Settled is the rule that in the interpretation of contracts, the ascertainment of the intention of
the contracting parties is to be discharged by looking to the words they used to project that
intention in their contract, all the words, not just a particular word or two, and words in context,
not words standing alone.

In the instant case, the consideration of P100,000.00 paid by respondent to petitioners was
referred to as option money. However, a careful examination of the words used in the contract
indicates that the money is not option money but earnest money. Earnest money and option
money are not the same but distinguished thus: (a) earnest money is part of the purchase price,
while option money is the money given as a distinct consideration for an option contract; (b)
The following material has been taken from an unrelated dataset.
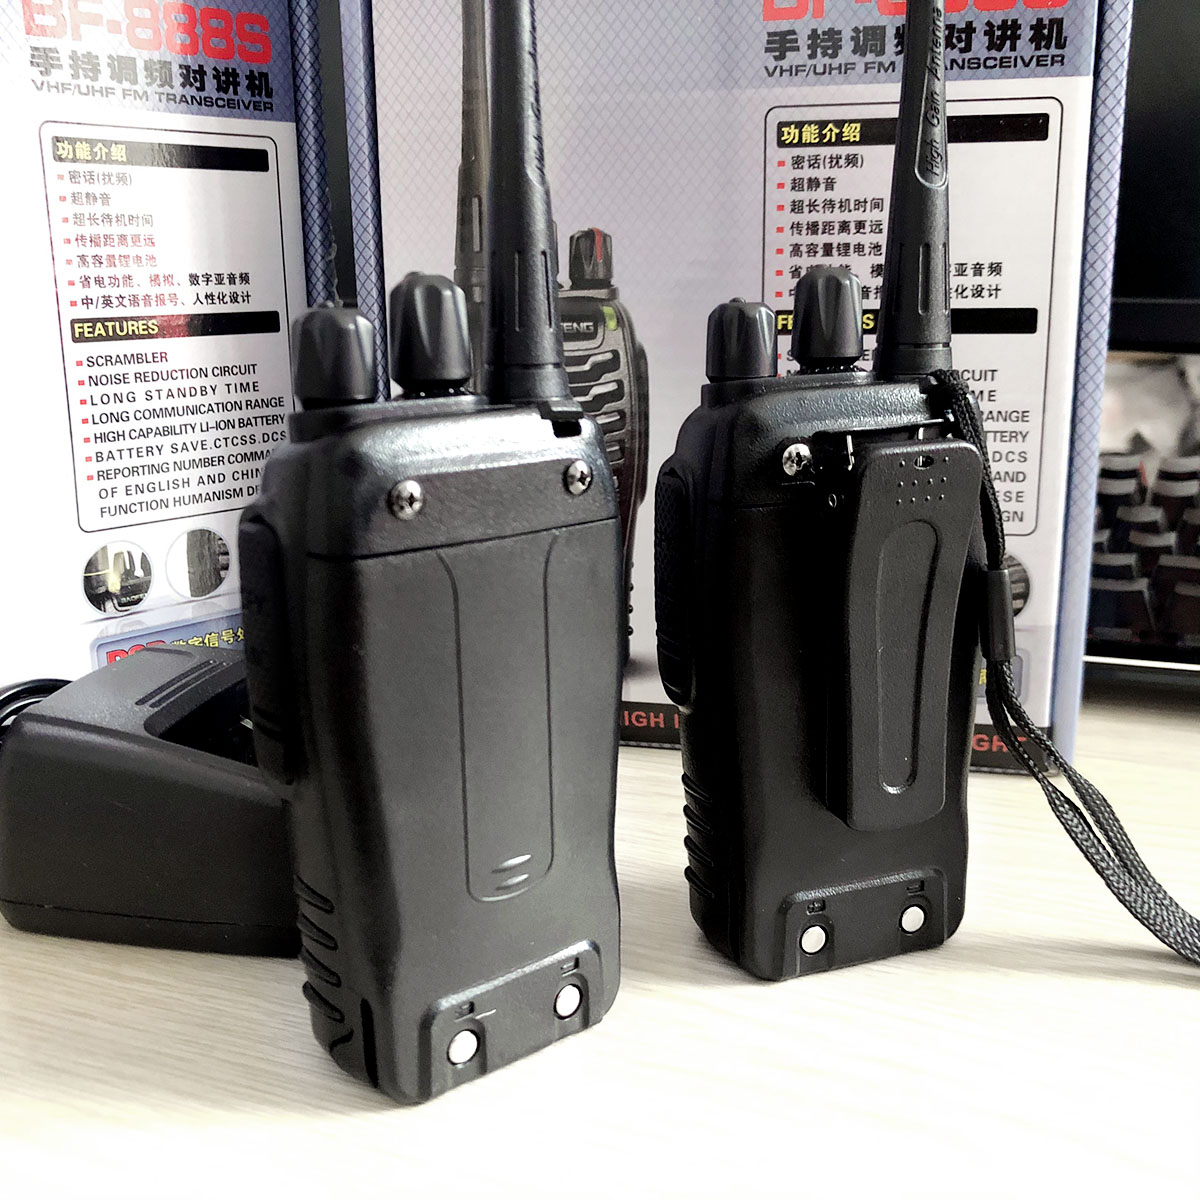 Bộ đàm Baofeng 888S phiên bản mới nhỏ gọn, liên lạc xa 2,5km, pin dùng 12 giờ, xuyên phá vật cản tốt - Hàng chính hãng
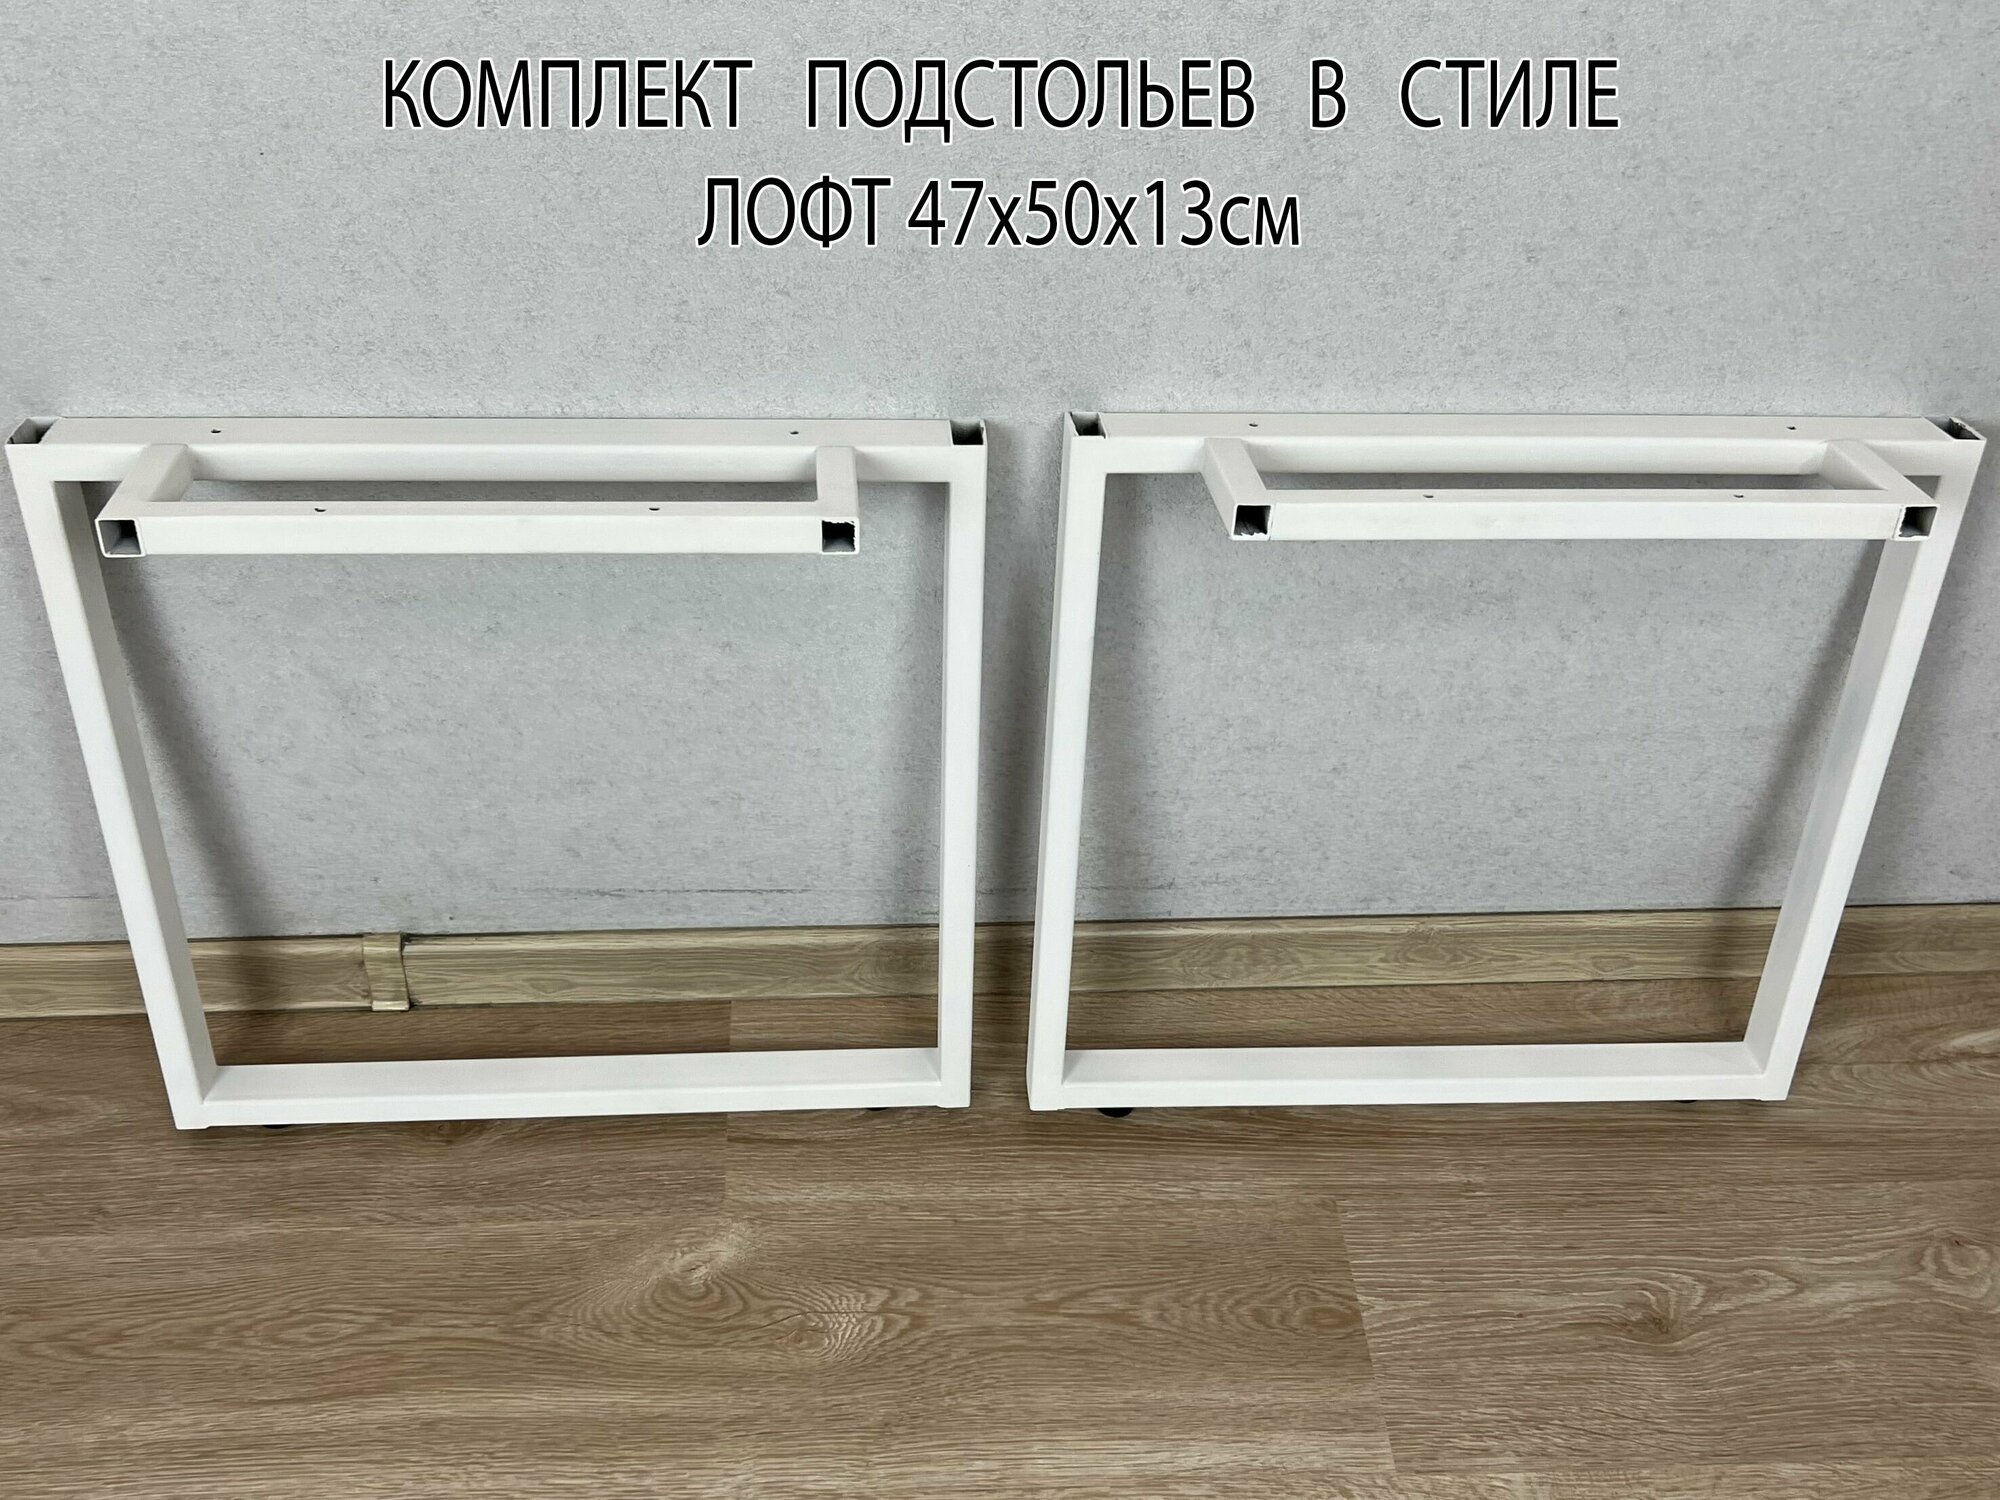 Подстолье цвет белый мебельная опора комплект из 2 ножек для журнального стола высота ножки 47 см

earnest money is given only where there is already a sale, while option money applies to a sale
not yet perfected; and, (c) when earnest money is given, the buyer
is bound to pay the balance, while when the would-be buyer gives option money, he is not
required to buy, but may even forfeit it depending on the terms of the option.

The sum of P100,000.00 was part of the purchase price. Although the same was denominated
as option money, it is actually in the nature of earnest money or down payment when
considered with the other terms of the contract. Doubtless, the agreement is not a mere
unilateral promise to sell, but, indeed, it is a Contract to Sell as both the trial court and the
appellate court declared in their Decisions.